How Can I Efficiently Build a Huffman Tree for Huffman Encoding?

ktoz · Dec 16, 2007

Hi

I'm playing around with Huffman encoding and am having a major problem getting my head around how to efficiently build the tree. I Googled "huffman coding" and have a basic grasp of what needs to be done but the actual process of walking through a list of sorted values has turned into a big headache.

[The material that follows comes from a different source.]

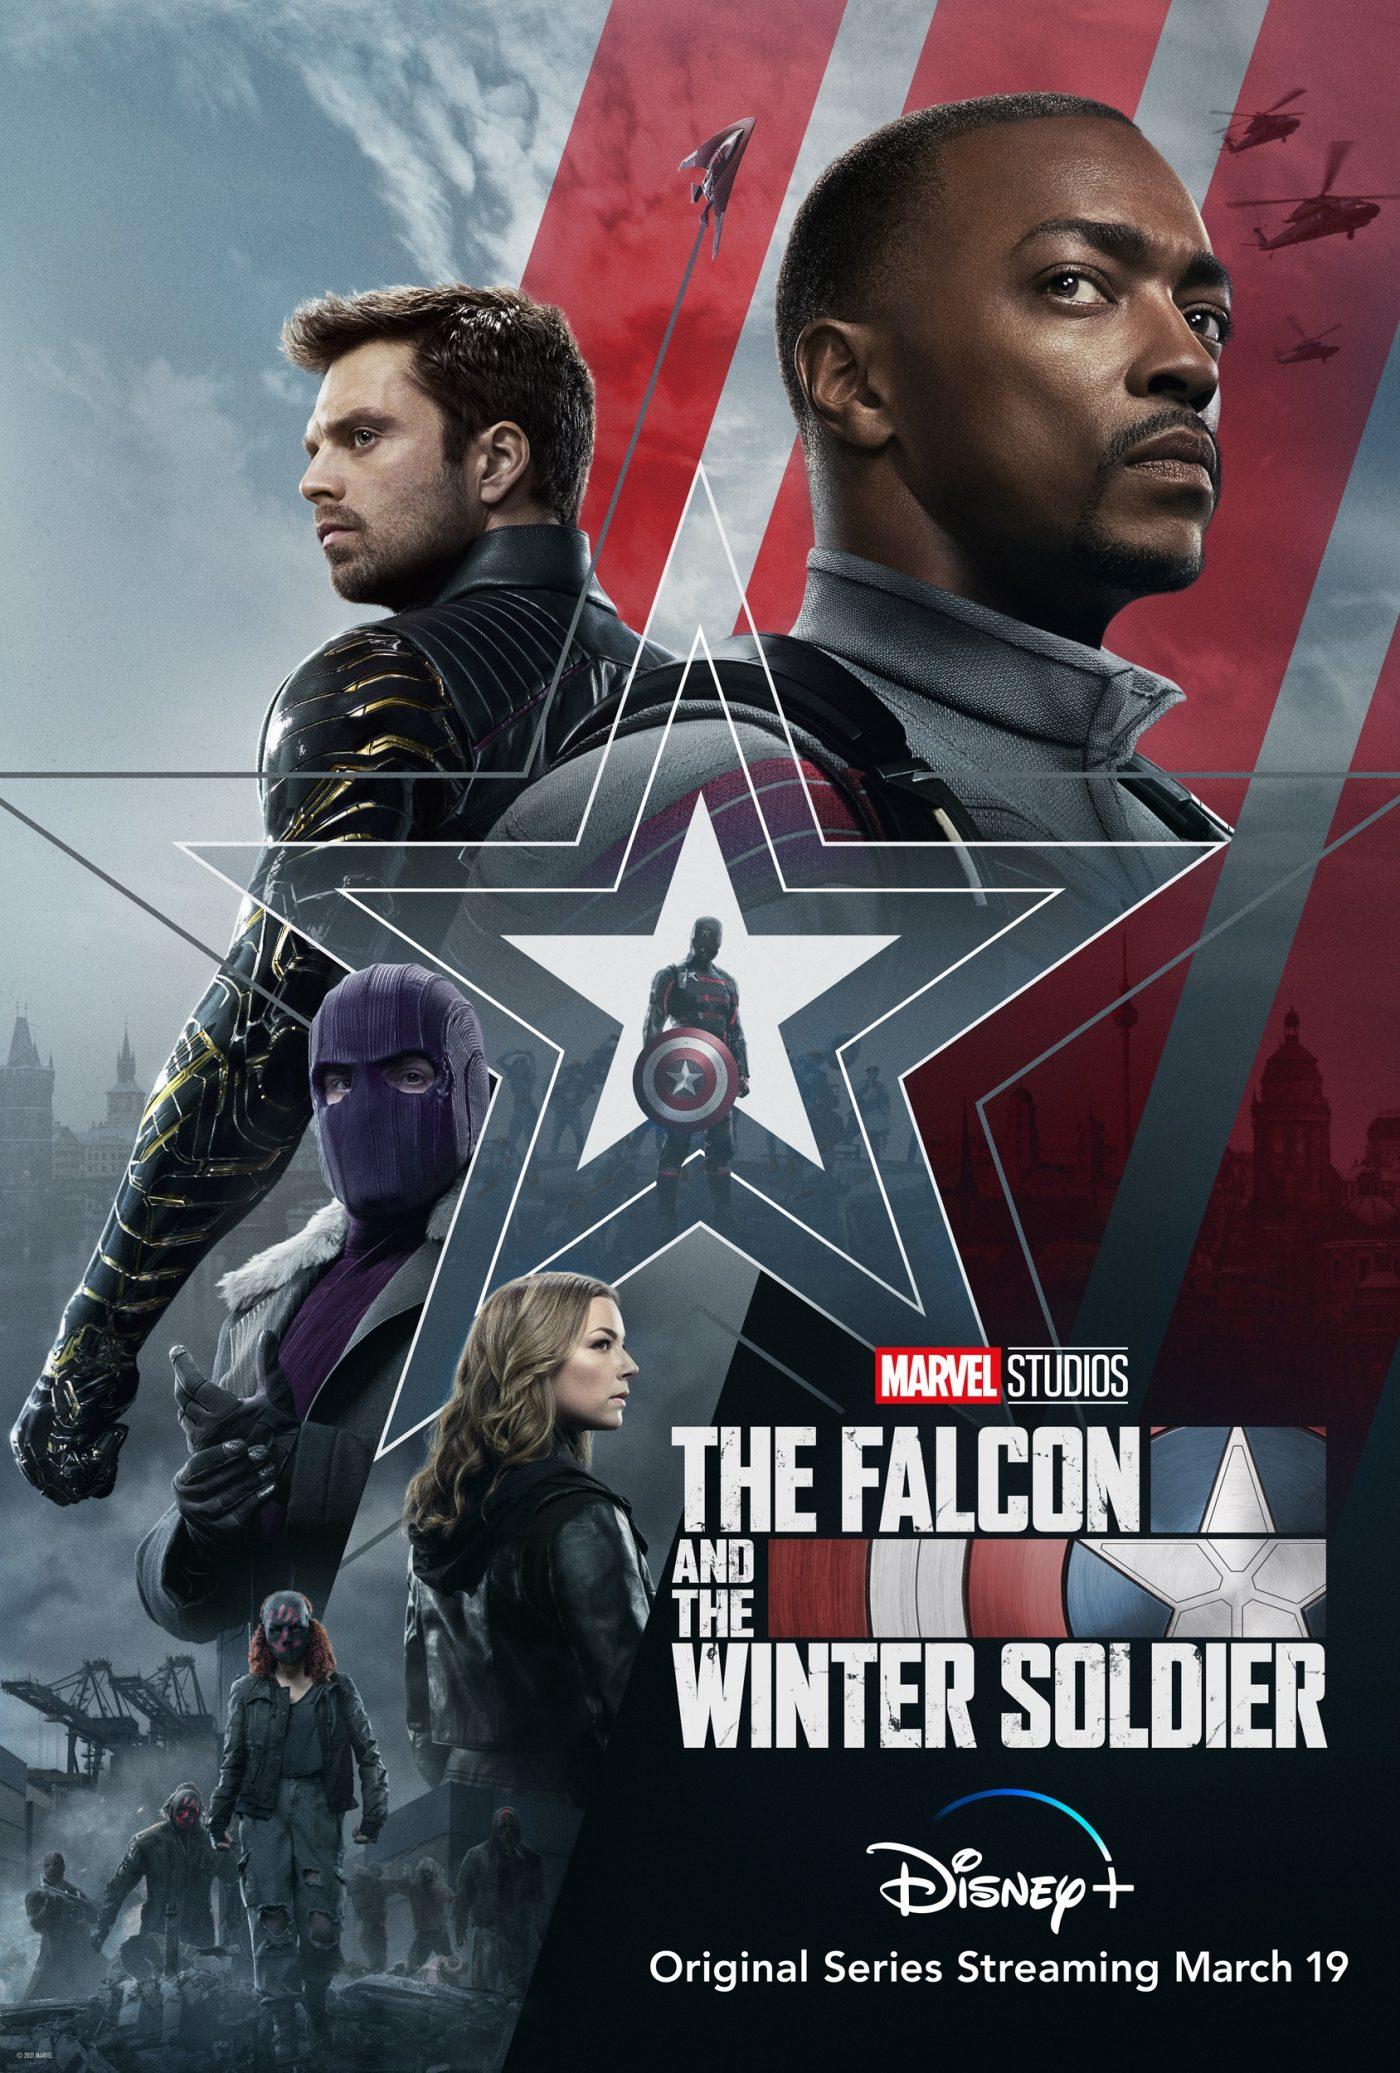 FALCON winter soldier poster

Assuming I start with a list of factored values and their rank, in either descending (or ascending) order, the algorithm I came up with takes almost 3 minutes on a dual core 2.16 ghz Macintosh. This is clearly ridiculous as it takes roughly half a second for the rest of my code to read the file and create the factored list of values and their frequencies.

I tried writing to the model http://en.wikipedia.org/wiki/Image:Huffman_tree_2.svg" but due to the large number of initial factors (3000+) I ran into a problem where the sum of the ranks grew so large over subsequent iterations that it didn't even fit in an unsigned long long value without truncation.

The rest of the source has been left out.